Манифестофель - страница 18

Шрифт
Интервал


Мозгалев и тогда был довольно бесцеремонным субъектом. Он приехал из Златоуста через три дня и тут же приперся к Борису. Дверь открыла мать, и Кортонов еле успел спрятать начатый портрет между диваном и стеной.

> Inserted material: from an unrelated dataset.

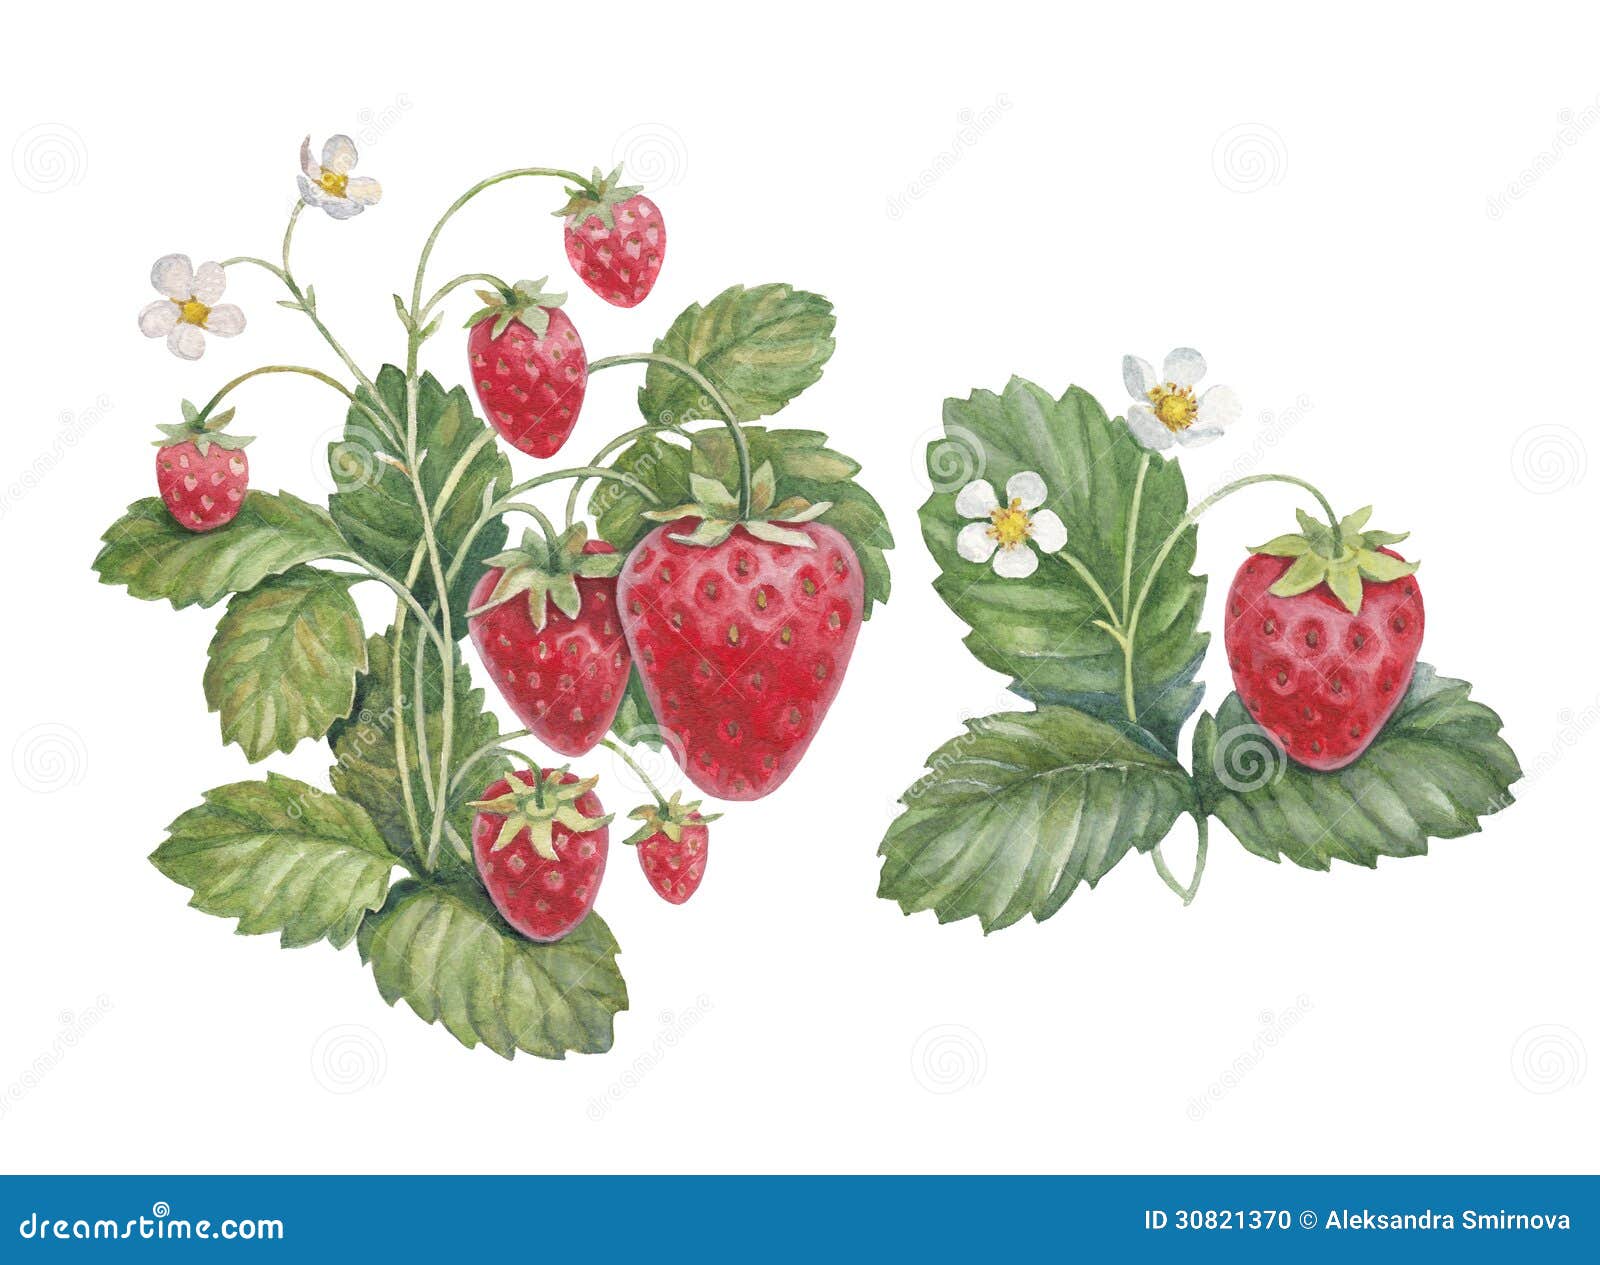 watercolor strawberry bush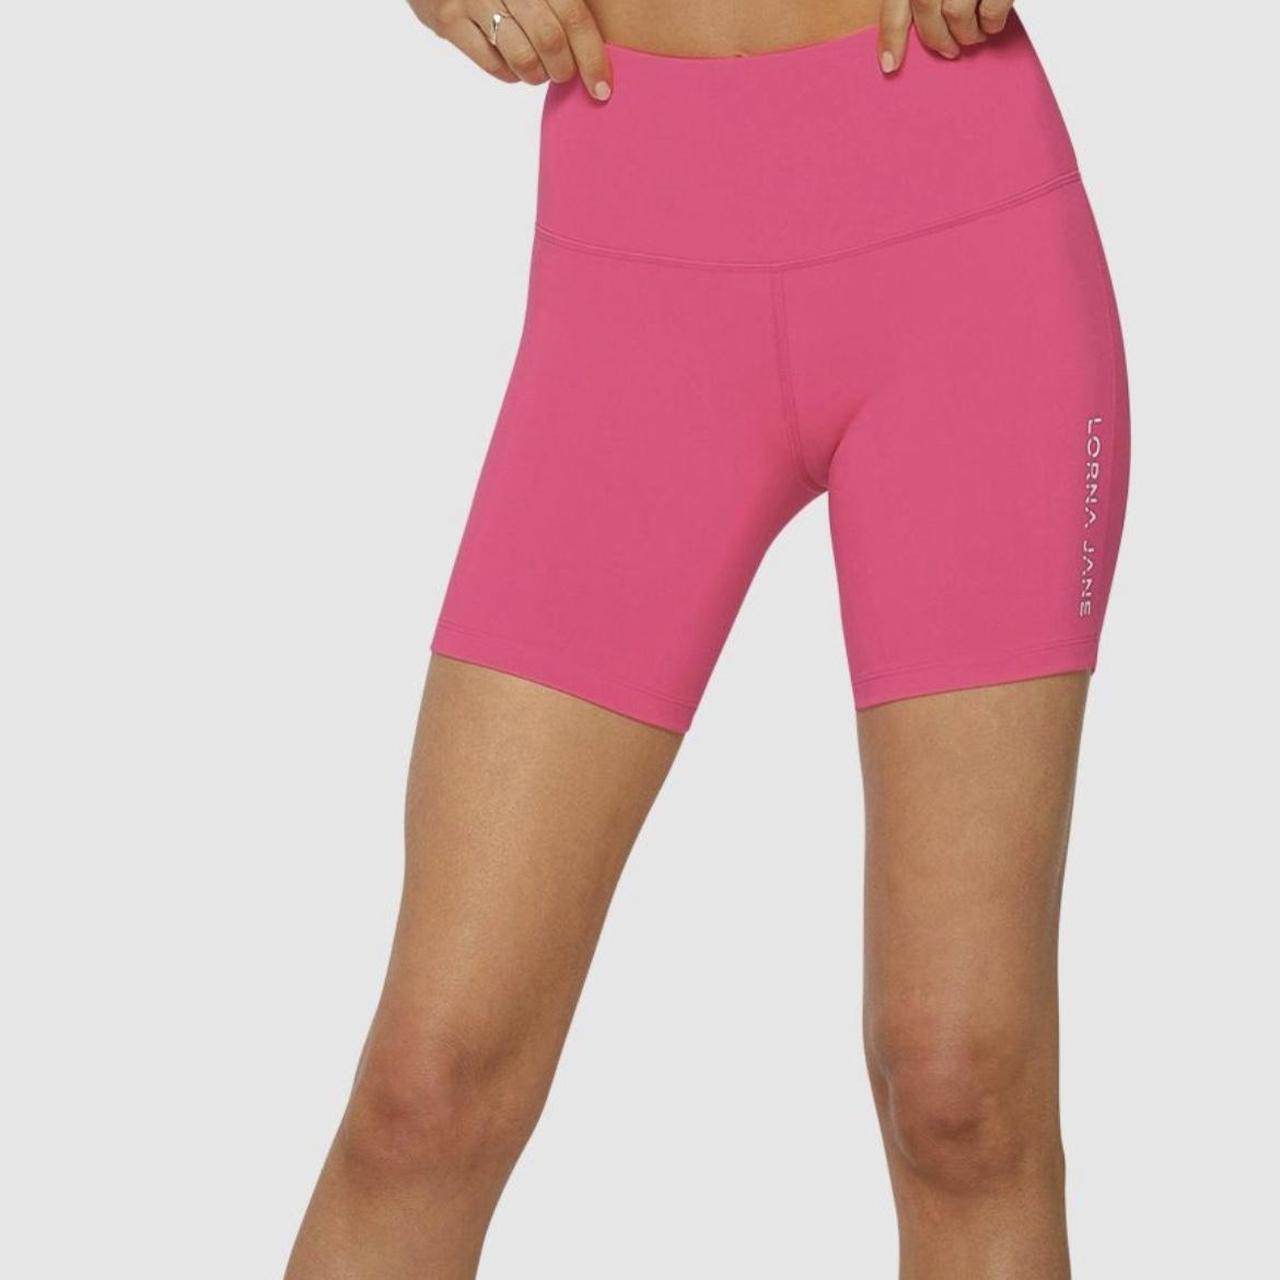 Lorna Jane Women's Pink Shorts | Depop

Мозгалев начал с того, что попросил холодной воды. Потом рассказал какой-то пошлый анекдот. Покровительственно одобрил увиденный рисунок – луч света от инопланетного НЛО освещает нападение демона на единорога – так и не поняв сути: луч высветил параллельный мир. А потом заметил картину за диваном. Достал ее без разрешения, положил обратно. Открыл окно, достал сигарету, предложил покурить ее на двоих. Борис отказался. Он хотел и Мозгалеву запретить курить в его комнате, но мать ушла (он слышал, как щелкнул замок), так чего уж там? А через несколько секунд уже был бы не против запретить Мозгалеву жить. Потому что Мозгалев с похабненькой улыбочкой сказал, что «чпокнул» Таню пару дней назад. Кортонов вначале не понял, что это значит. В первое мгновение он решил, что Мозгалев поцеловал ее. Чмокнуть – это в щеку, а чпокнуть – в губы, так он вначале подумал. Это было неприятно, но, когда, благодаря дальнейшему рассказу, он понял истинное значение этого слова – то почувствовал боль. Раньше ему не доводилось чувствовать подобное. Он как будто умер. То есть, почувствовал то, что раньше не чувствовал. В этом смысле.

– Она же твоя сестра? – спросил он.

– Да какая сестра? Троюродная! Или четвероюродная даже…. Можно, получается….

Кортонов не отправил ей портрет на ватмане, а картину так и не дорисовал. Он заболел. Лежал почти две недели на диване и хотел умереть. Было жаль мать – он у нее был один. Потом как-то все зарубцевалось. Так, наверное, у поэтессы Людмилы Дербиной зарубцевалась, в конце концов, боль об одной крещенской ночке в Вологде, а у реки Рубикон зарубцевалось ее русло….

Но вот прошло двадцать три года, и после вопроса Мозгалева о брусничном варенье в Златоусте он опять почувствовал боль.

– Дело прошлое, конечно, Борька, но ненастойчивый ты. Танька тебя вспоминала, понравился ты ей.

Кортонов промолчал.

Мозгалев налил себе, Борису….

– Да, хороша была. Я к ней, признаться, сам подкатывался.

– Что значит – подкатывался? Жениться, что ли, предлагал? – не понял Борис.

– Почему сразу «жениться»? Да я бы и не против был, но мы же родственники. Не по-людски как-то, – усмехнулся он. – Так…. Чисто сексом заняться.